RAW DATA:
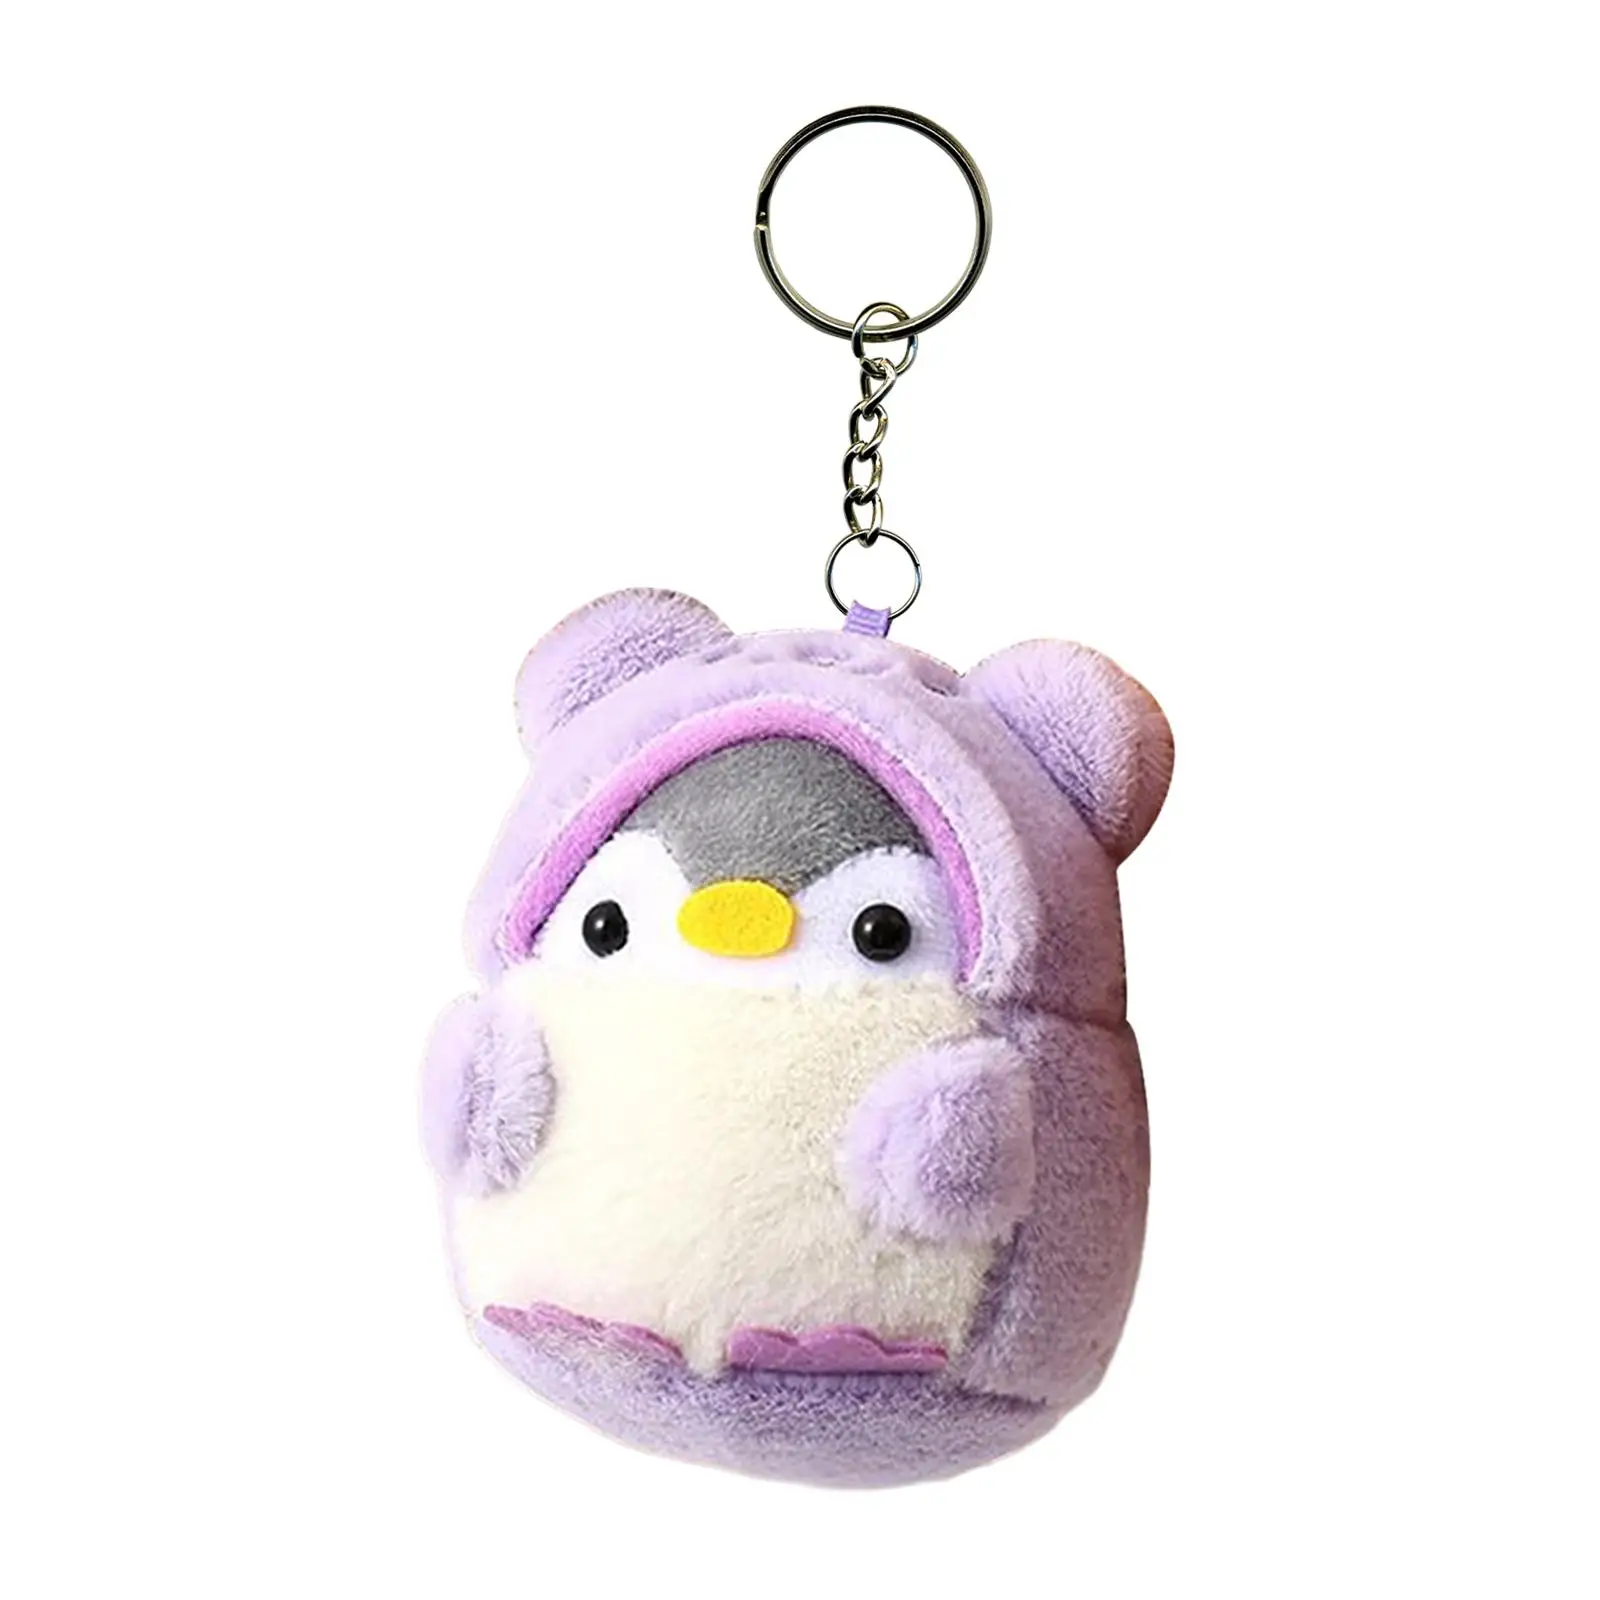 Penguin Doll Keychain Car Keychains Car Keyring for Backpack Tote Purse
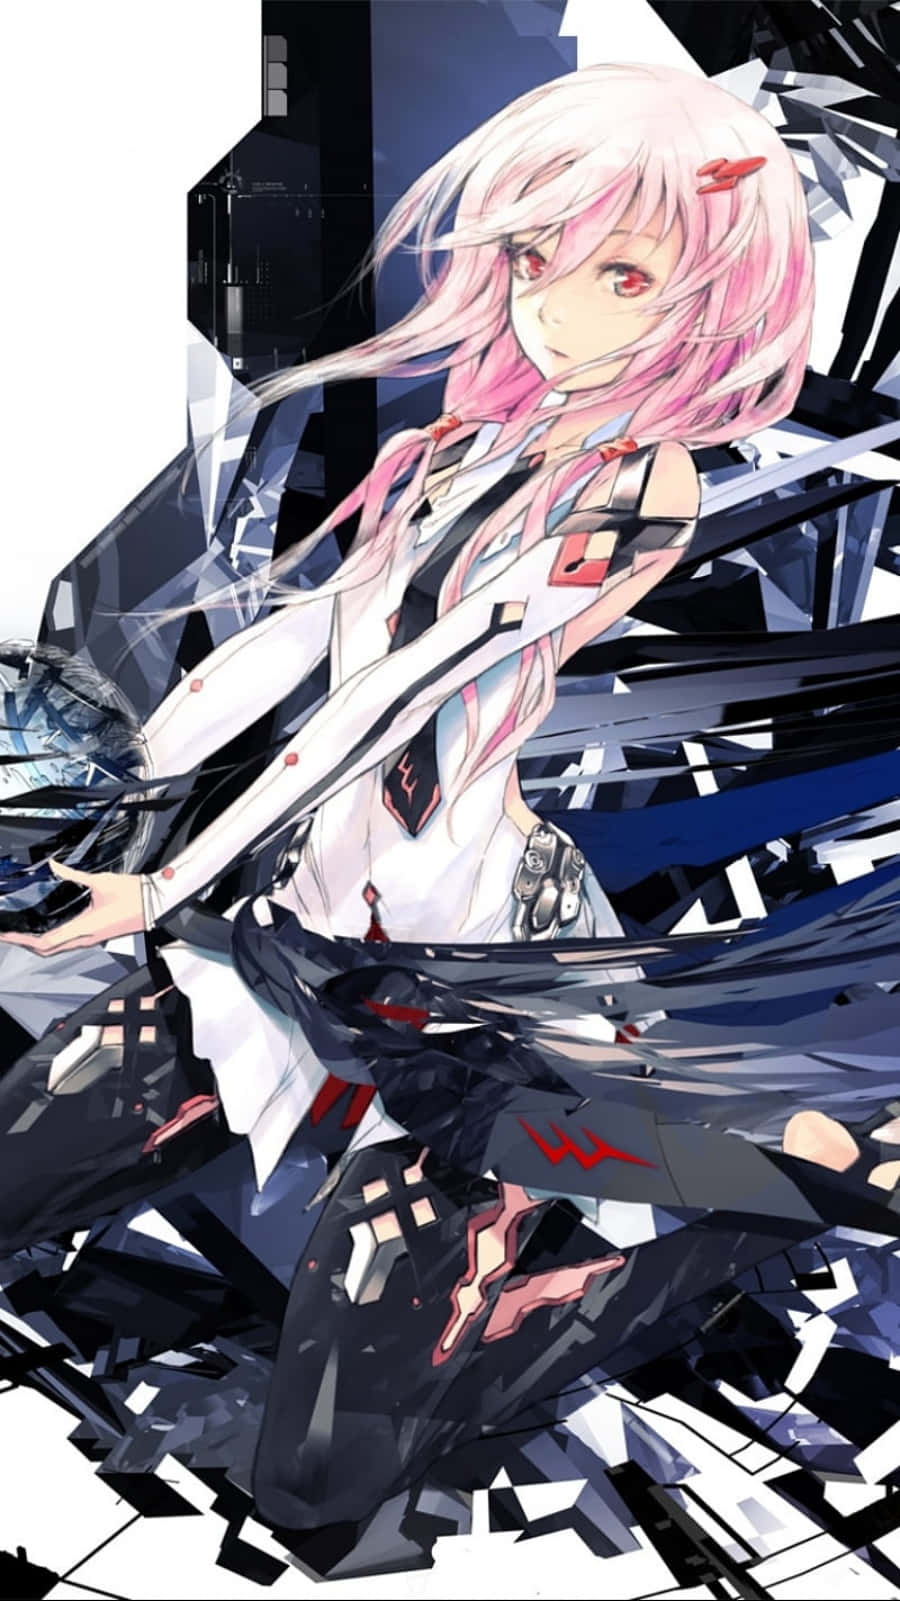 a glimpse of the post-apocalyptic world of Guilty Crown
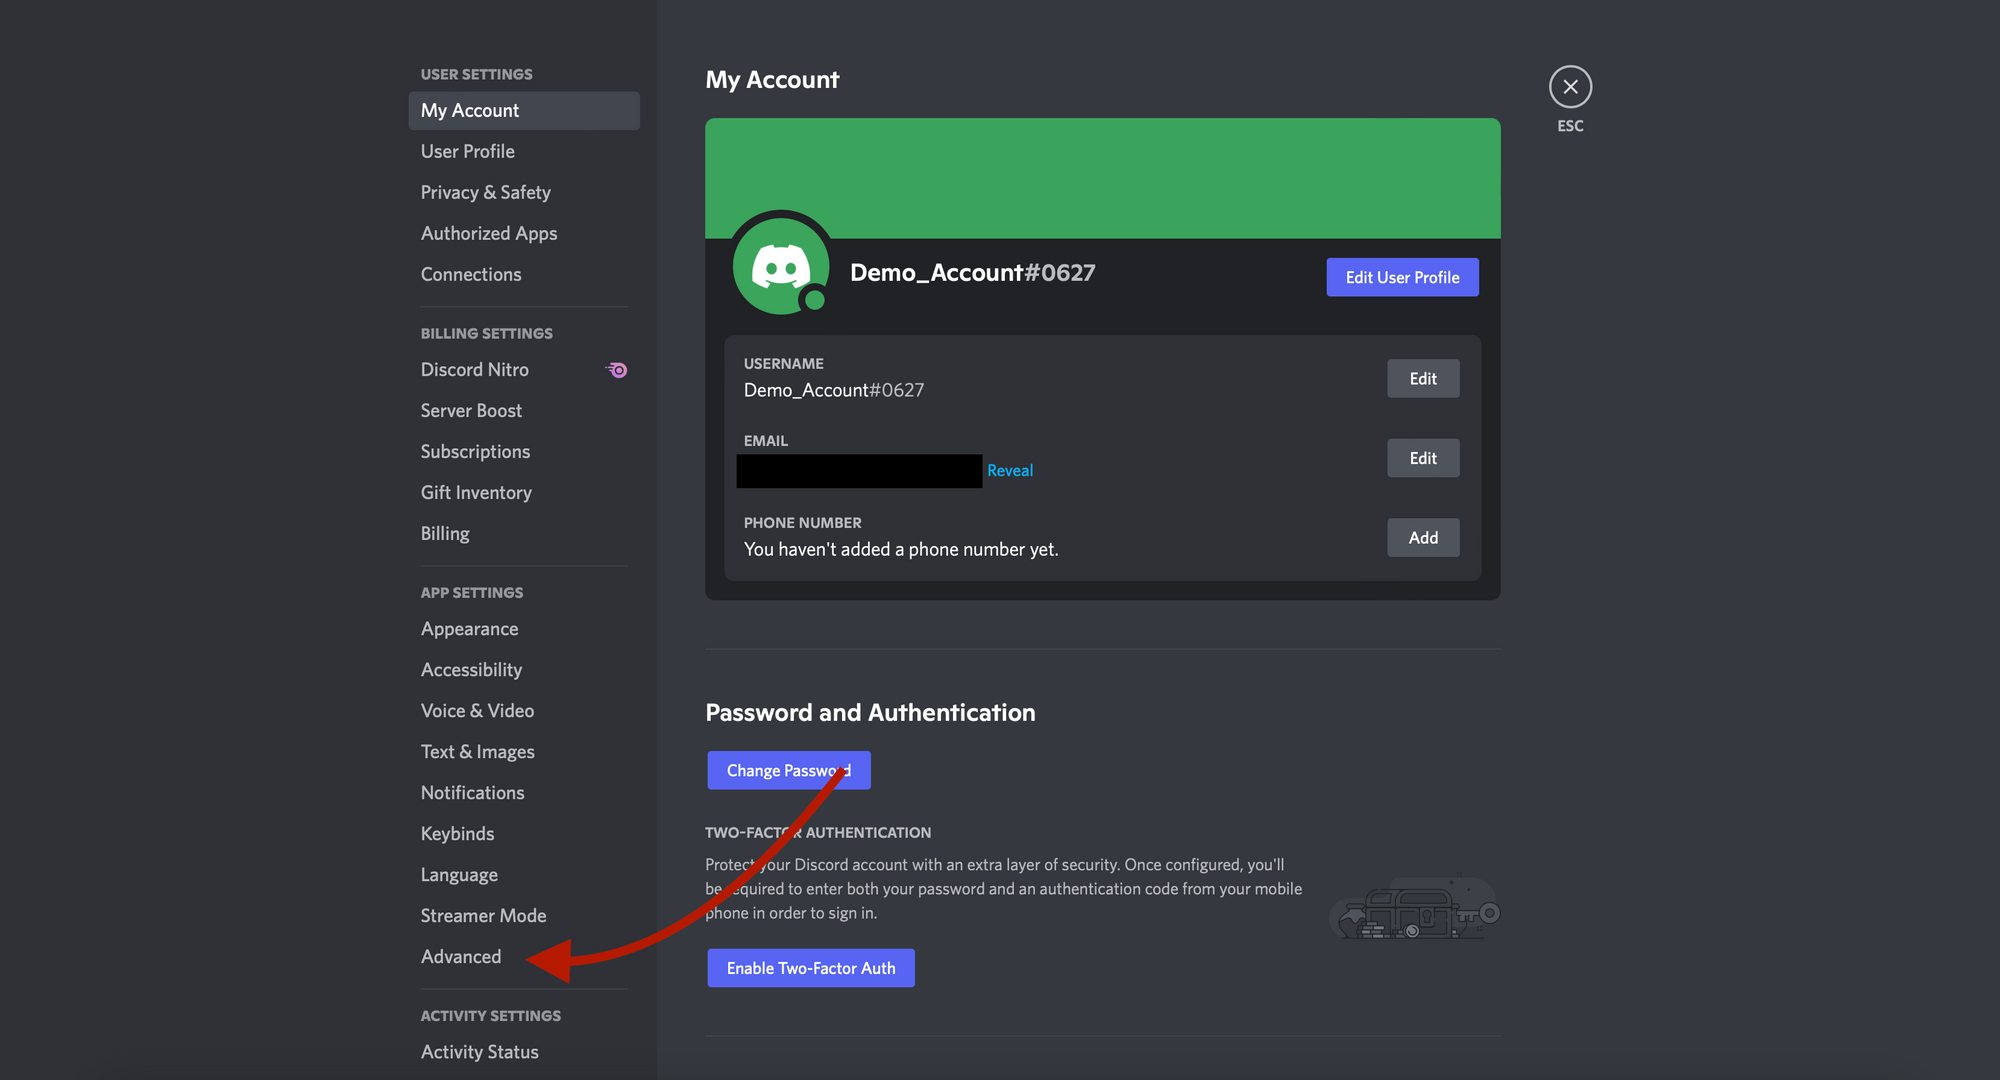 How to Enable Developer Mode in Discord? - Technoresult
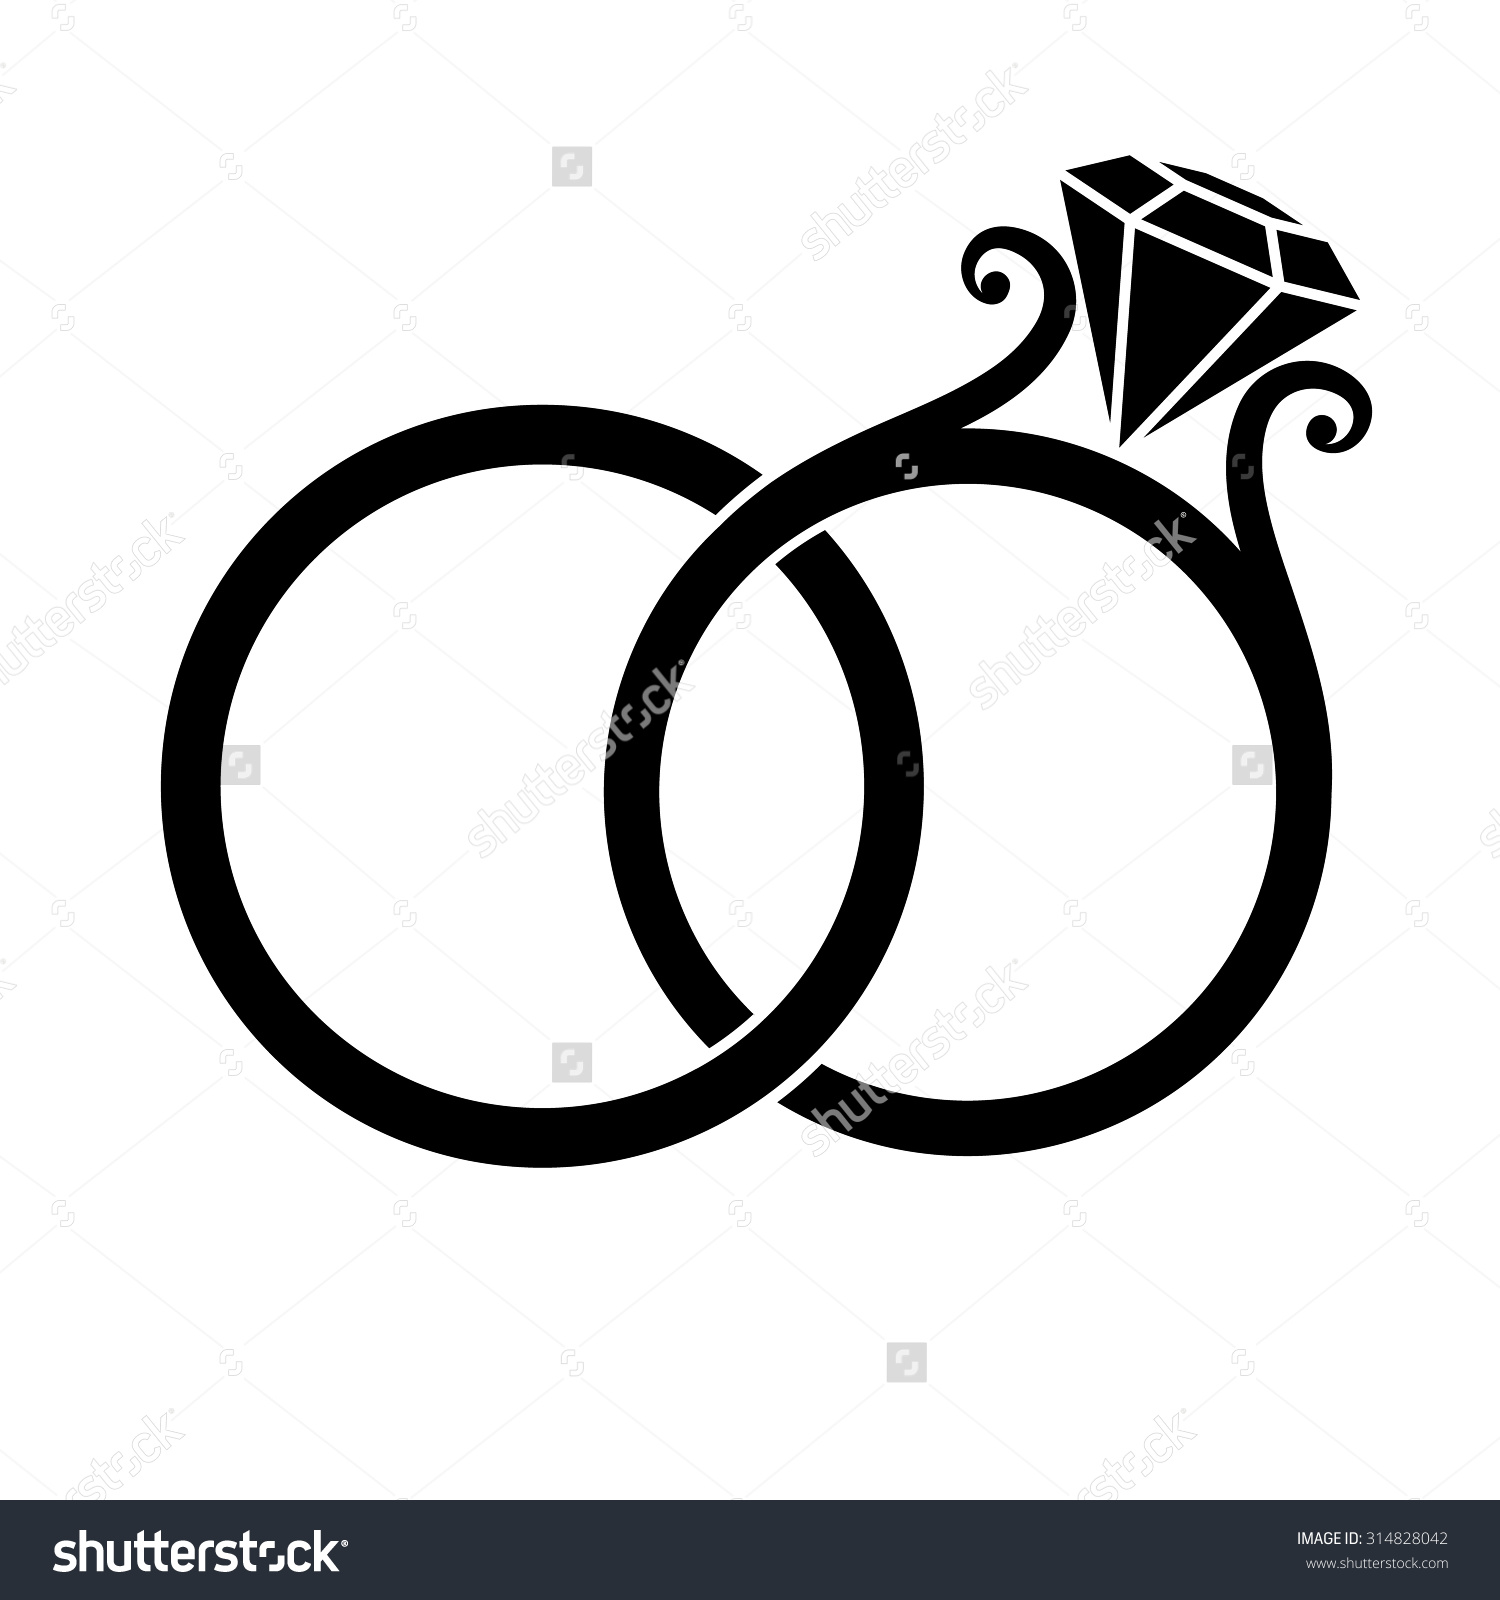 Save to a lightbox - Wedding Rings Clipart

TASK INSTRUCTIONS: Where a line contains "a glimpse of", begin there and set down exactly each line through the end of the data above, omitting any pictures.

WRITTEN RESPONSE:
 a glimpse of the post-apocalyptic world of Guilty Crown
 How to Enable Developer Mode in Discord? - Technoresult
 Save to a lightbox - Wedding Rings Clipart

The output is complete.